◆ **Task objective**
Copy the listing below letter for letter, passing over each picture.

◆ **The data**
----------

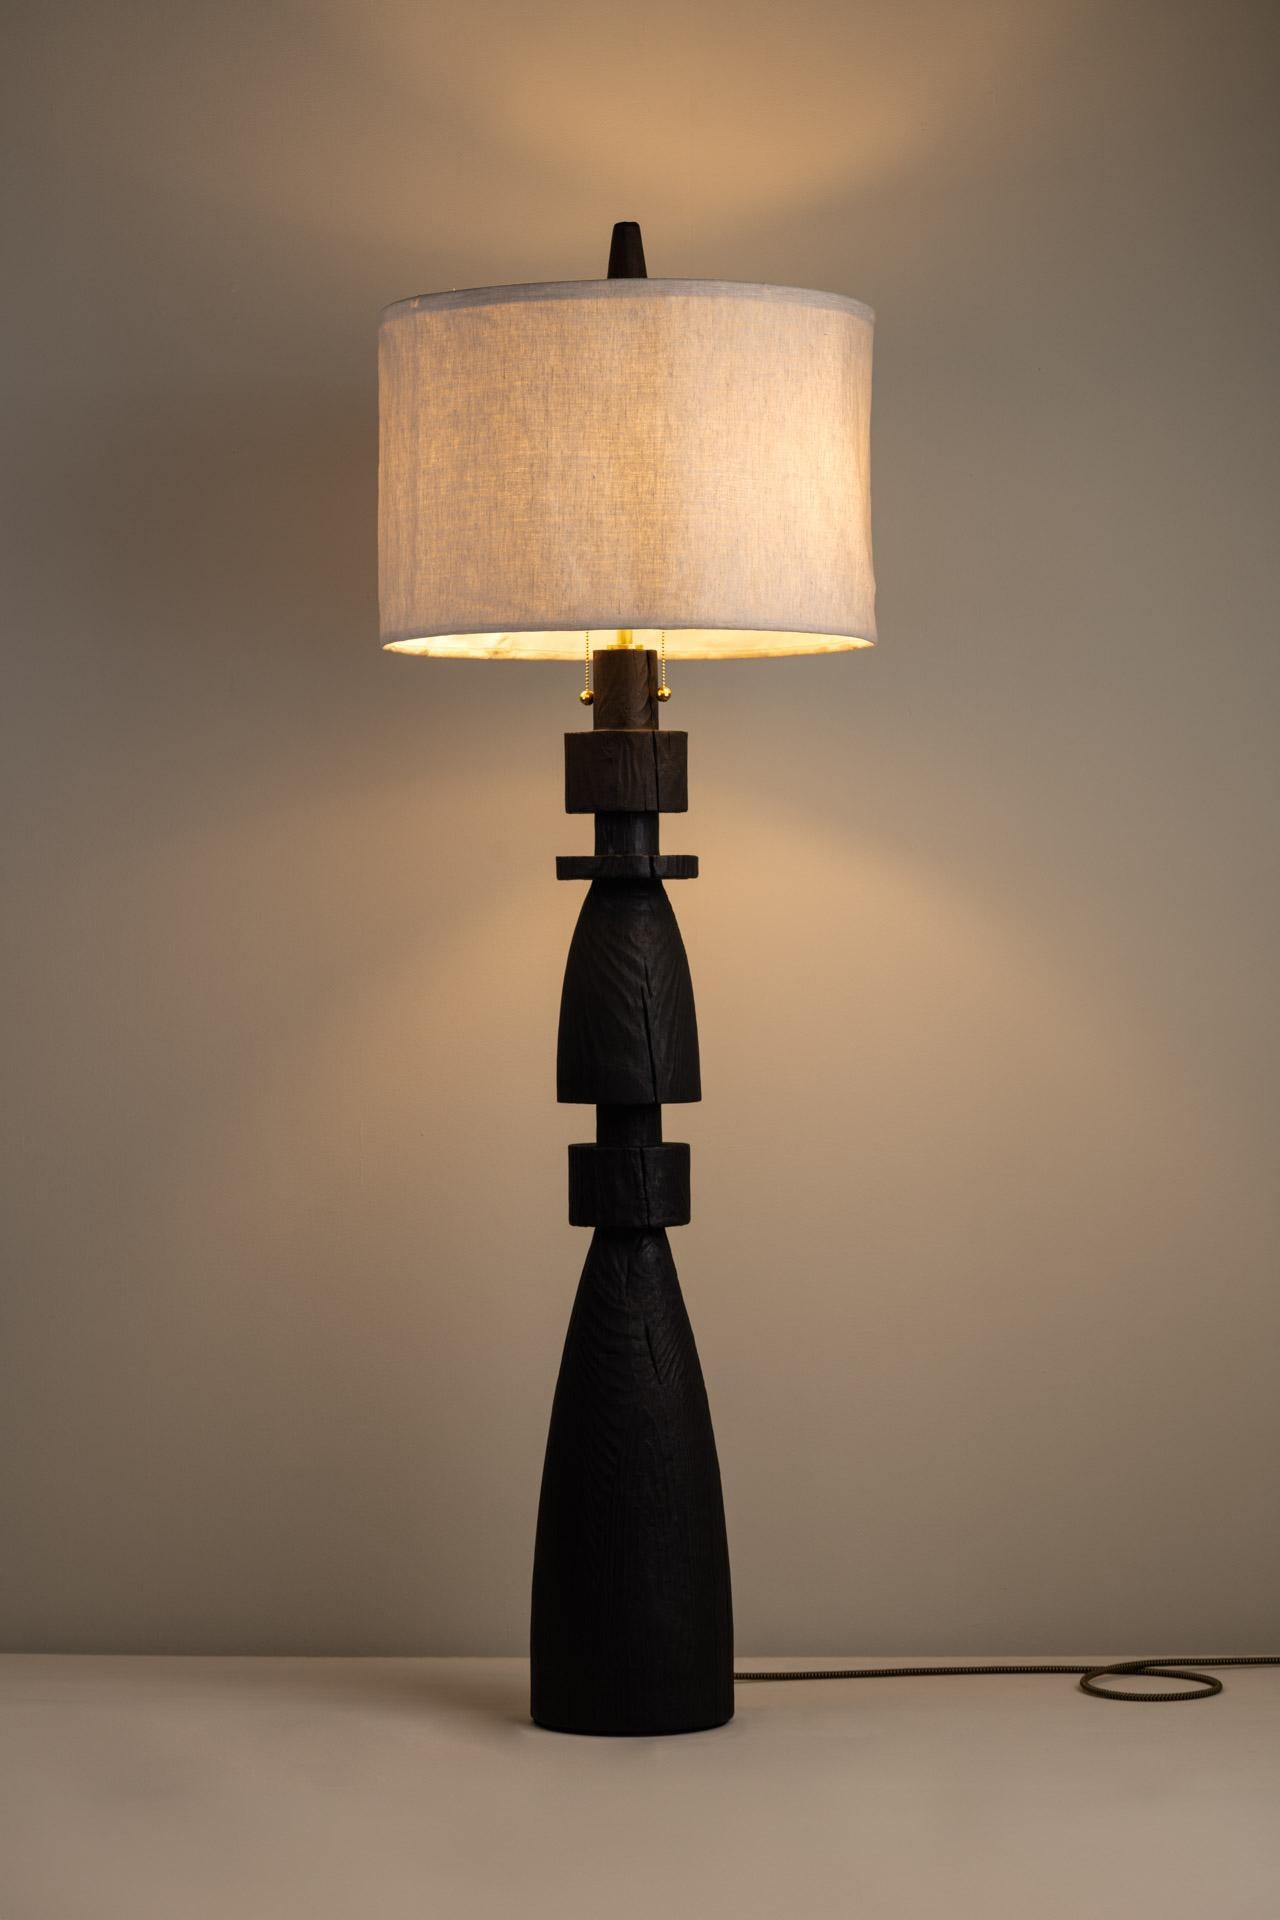 Le lampadaire MEZQUITE (LARGE) a été conçu pour la collection De Palo de l'artiste mexicaine Isabel Moncada.

Tel un fou aux échecs, Mezquite s'impose de manière éclatante. Sa base en bois est robuste, sa finition sombre lui donne beaucoup de
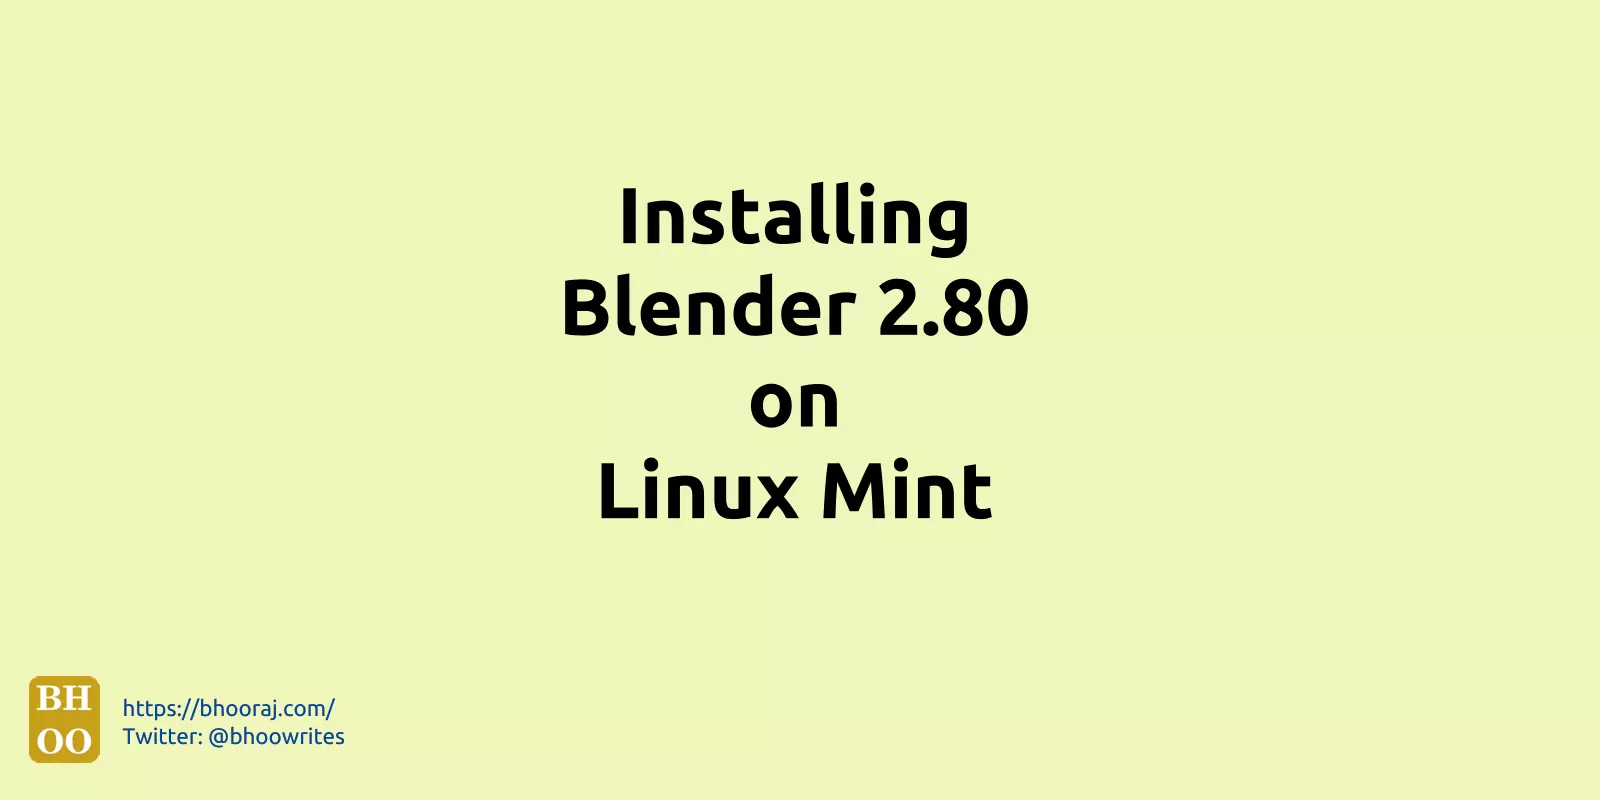 Installing Blender 2.80 on Linux Mint
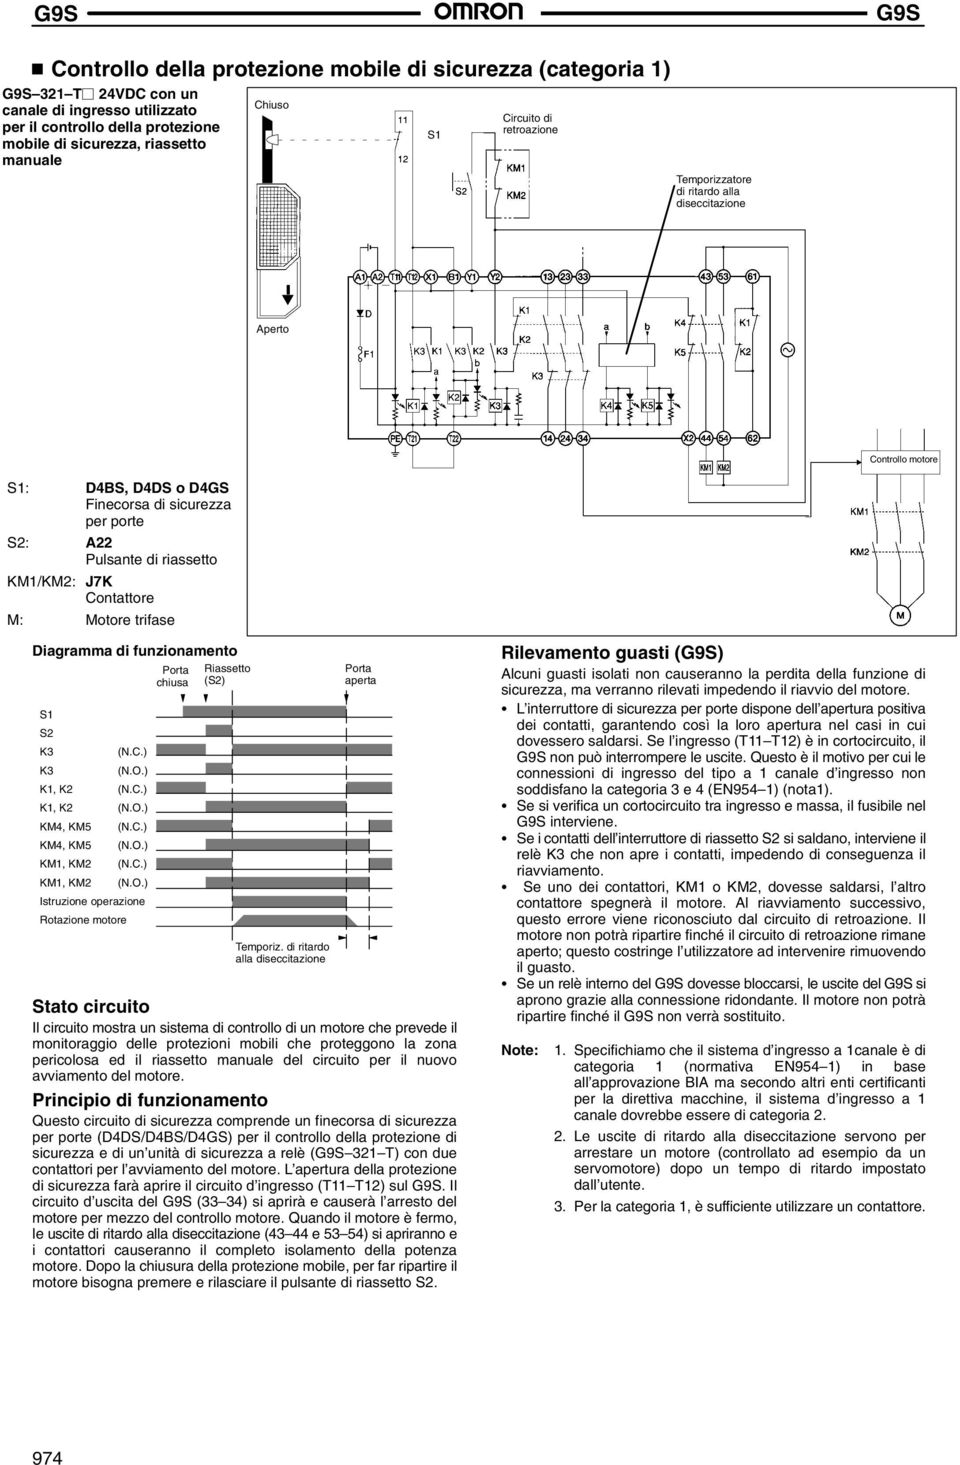 Motore trifase Diagramma di funzionamento S1 S2 K3 (N.C.) K3 (N.O.) K1, K2 (N.C.) K1, K2 (N.O.) KM4, KM5 (N.C.) KM4, KM5 (N.O.) KM1, KM2 (N.C.) KM1, KM2 (N.O.) Istruzione operazione Rotazione motore Porta chiusa Riassetto (S2) Temporiz.

----------

◆ **Exercise output**
 Le lampadaire MEZQUITE (LARGE) a été conçu pour la collection De Palo de l'artiste mexicaine Isabel Moncada.

Tel un fou aux échecs, Mezquite s'impose de manière éclatante. Sa base en bois est robuste, sa finition sombre lui donne beaucoup de
 Installing Blender 2.80 on Linux Mint
 Motore trifase Diagramma di funzionamento S1 S2 K3 (N.C.) K3 (N.O.) K1, K2 (N.C.) K1, K2 (N.O.) KM4, KM5 (N.C.) KM4, KM5 (N.O.) KM1, KM2 (N.C.) KM1, KM2 (N.O.) Istruzione operazione Rotazione motore Porta chiusa Riassetto (S2) Temporiz.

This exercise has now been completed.